◆ WORK TO COMPLETE
Set the material down again exactly, line by line, skipping each picture.

◆ GIVEN INFORMATION
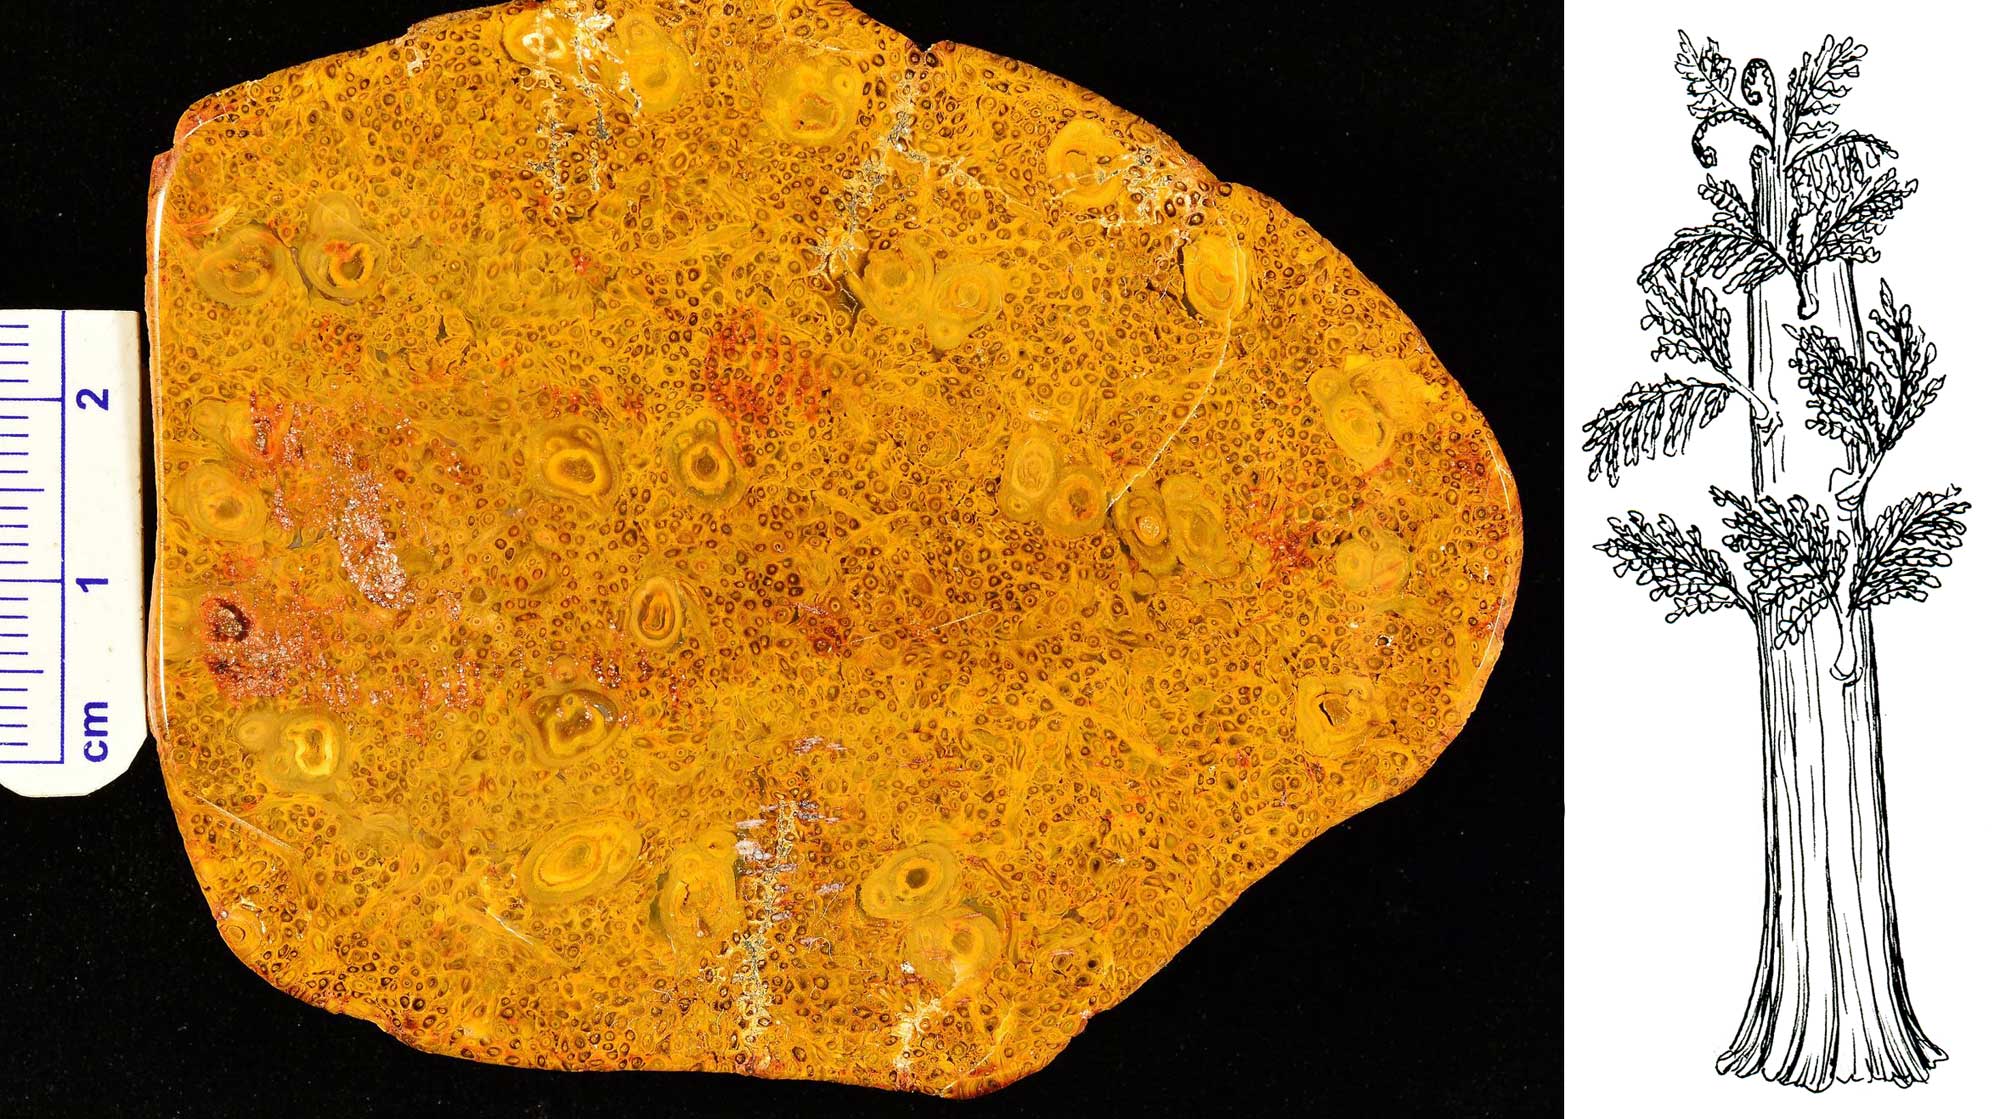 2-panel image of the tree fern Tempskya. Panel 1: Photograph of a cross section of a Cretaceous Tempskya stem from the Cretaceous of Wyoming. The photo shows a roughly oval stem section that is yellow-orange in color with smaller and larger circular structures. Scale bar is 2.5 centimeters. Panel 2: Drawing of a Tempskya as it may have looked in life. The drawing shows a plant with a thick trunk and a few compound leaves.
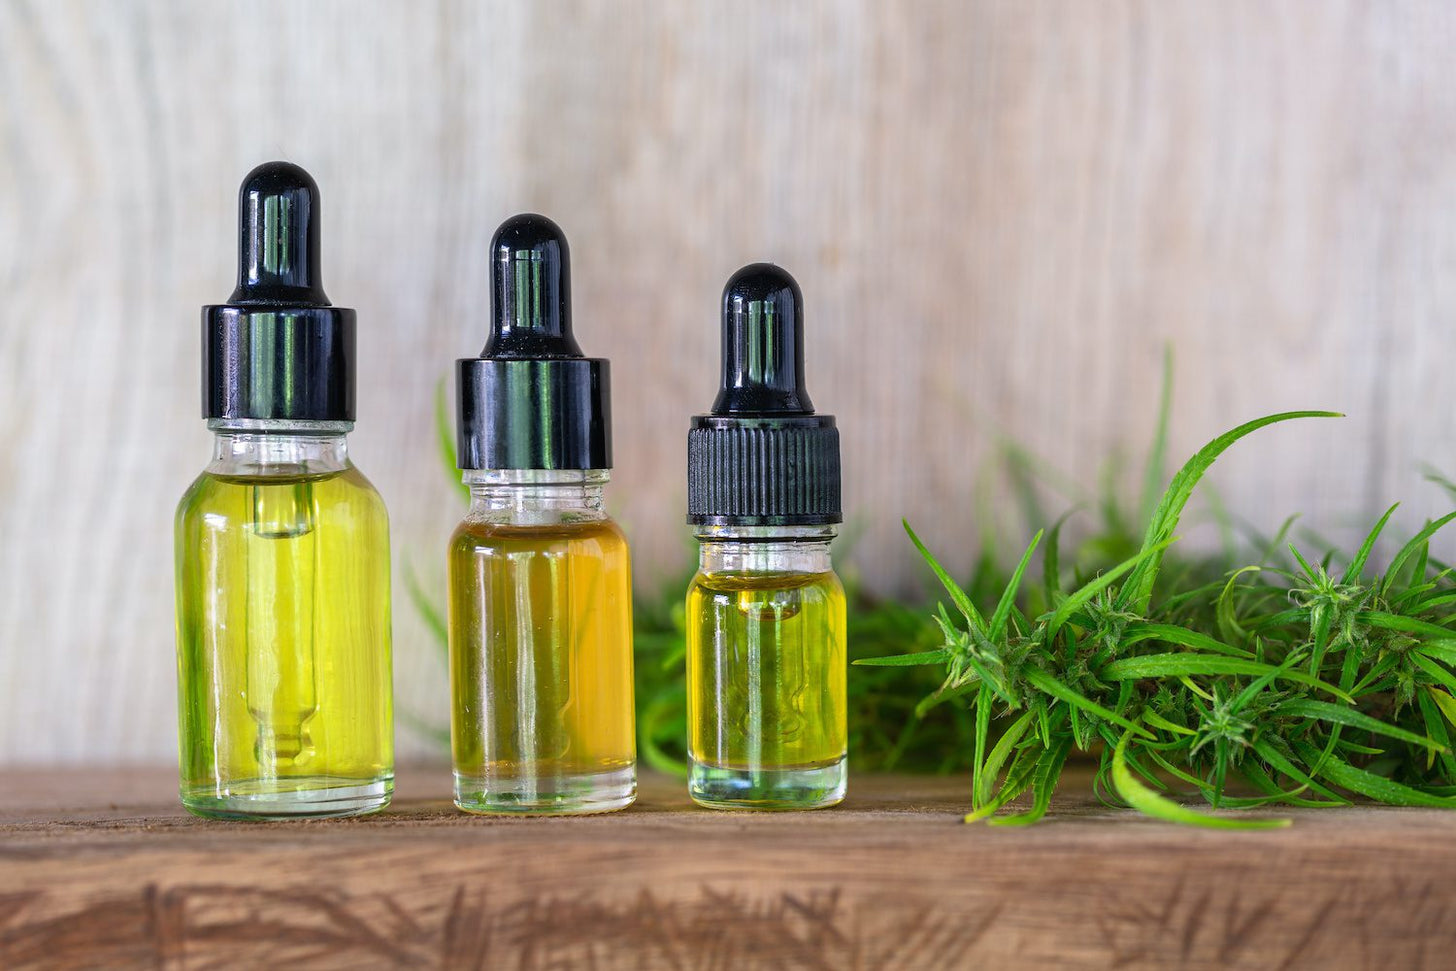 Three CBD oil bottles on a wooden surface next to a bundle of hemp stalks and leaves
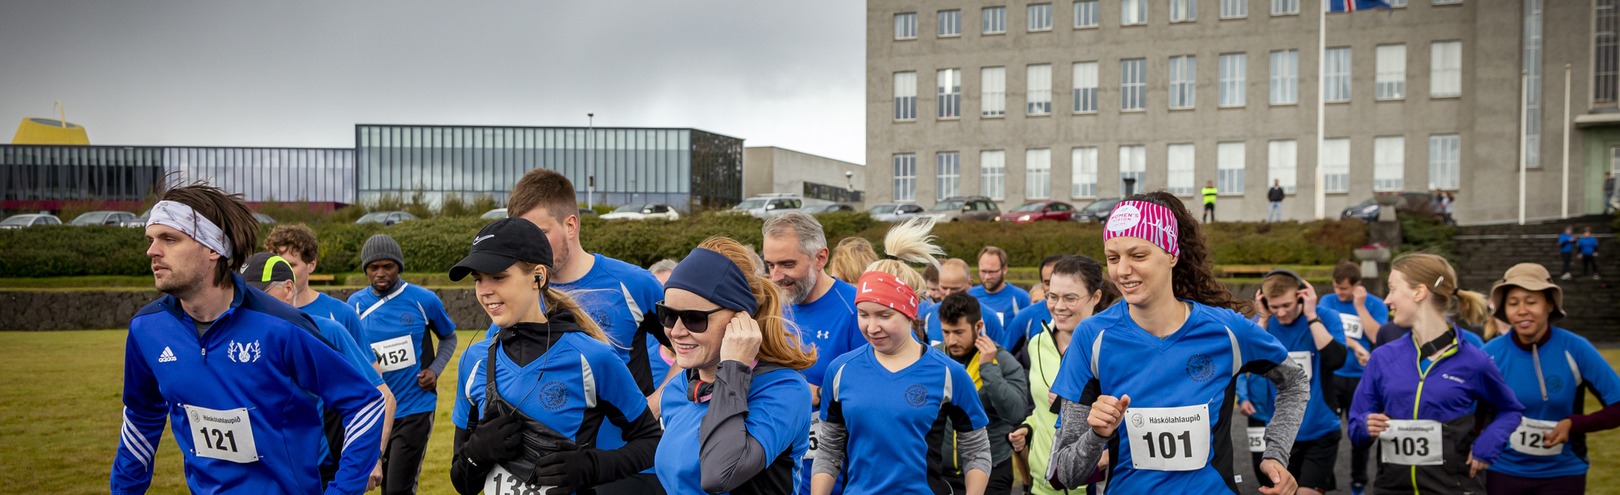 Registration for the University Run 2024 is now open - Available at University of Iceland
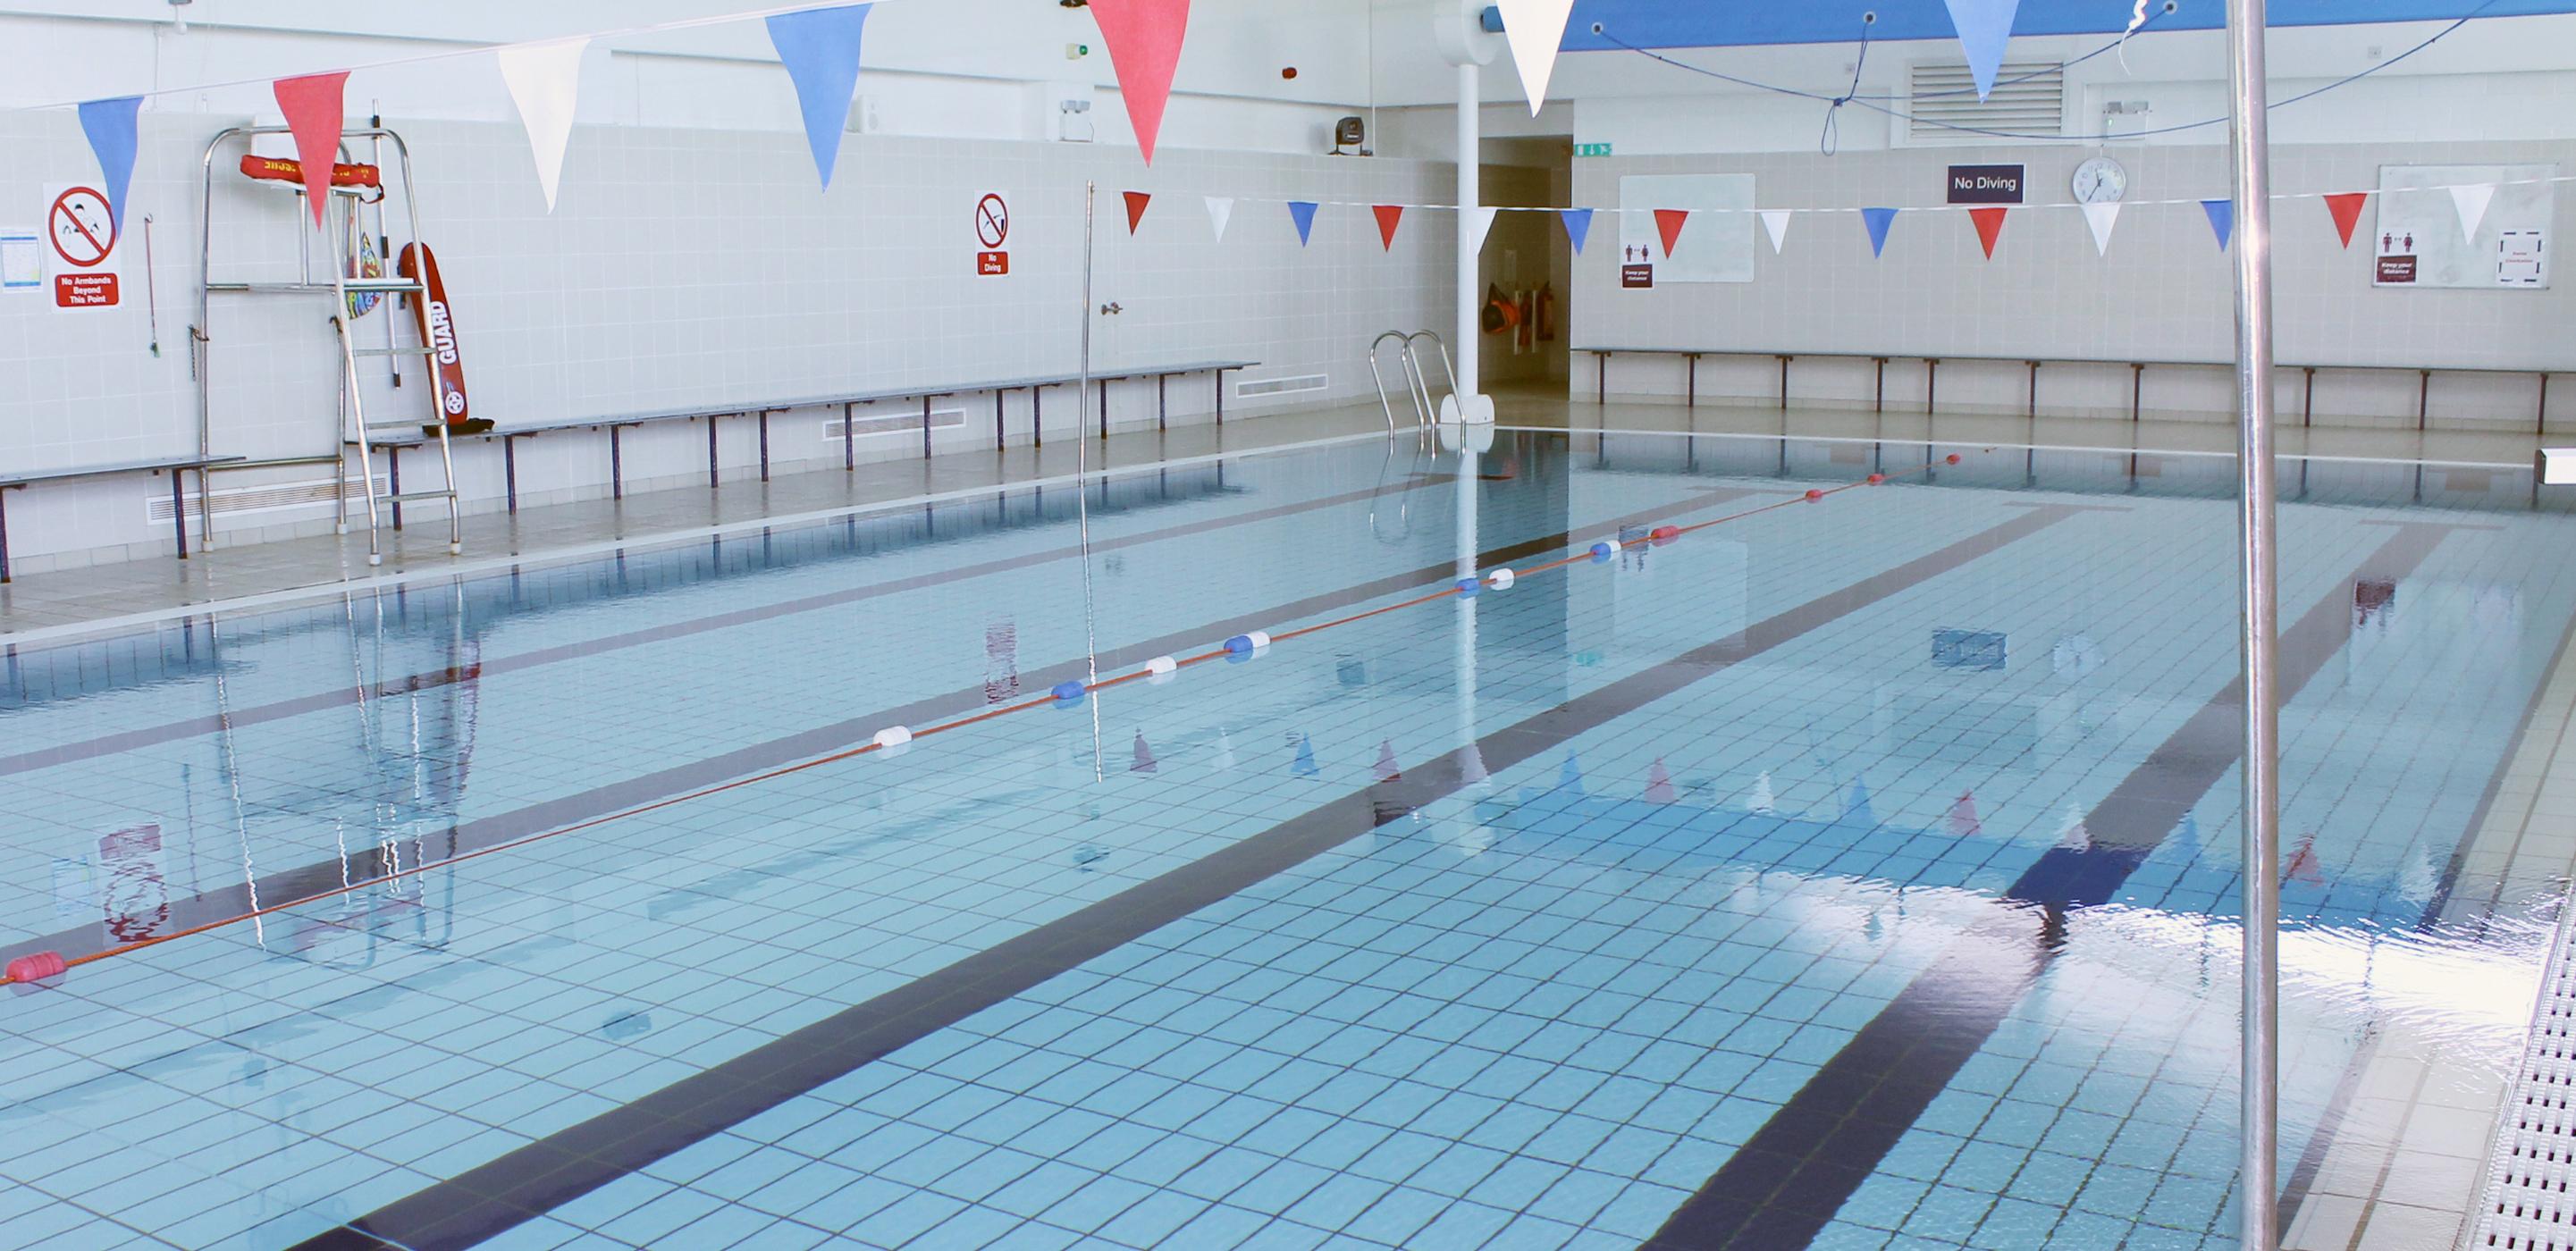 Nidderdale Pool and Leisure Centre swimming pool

◆ RESULT OF THE TASK
 2-panel image of the tree fern Tempskya. Panel 1: Photograph of a cross section of a Cretaceous Tempskya stem from the Cretaceous of Wyoming. The photo shows a roughly oval stem section that is yellow-orange in color with smaller and larger circular structures. Scale bar is 2.5 centimeters. Panel 2: Drawing of a Tempskya as it may have looked in life. The drawing shows a plant with a thick trunk and a few compound leaves.
 Three CBD oil bottles on a wooden surface next to a bundle of hemp stalks and leaves
 Registration for the University Run 2024 is now open - Available at University of Iceland
 Nidderdale Pool and Leisure Centre swimming pool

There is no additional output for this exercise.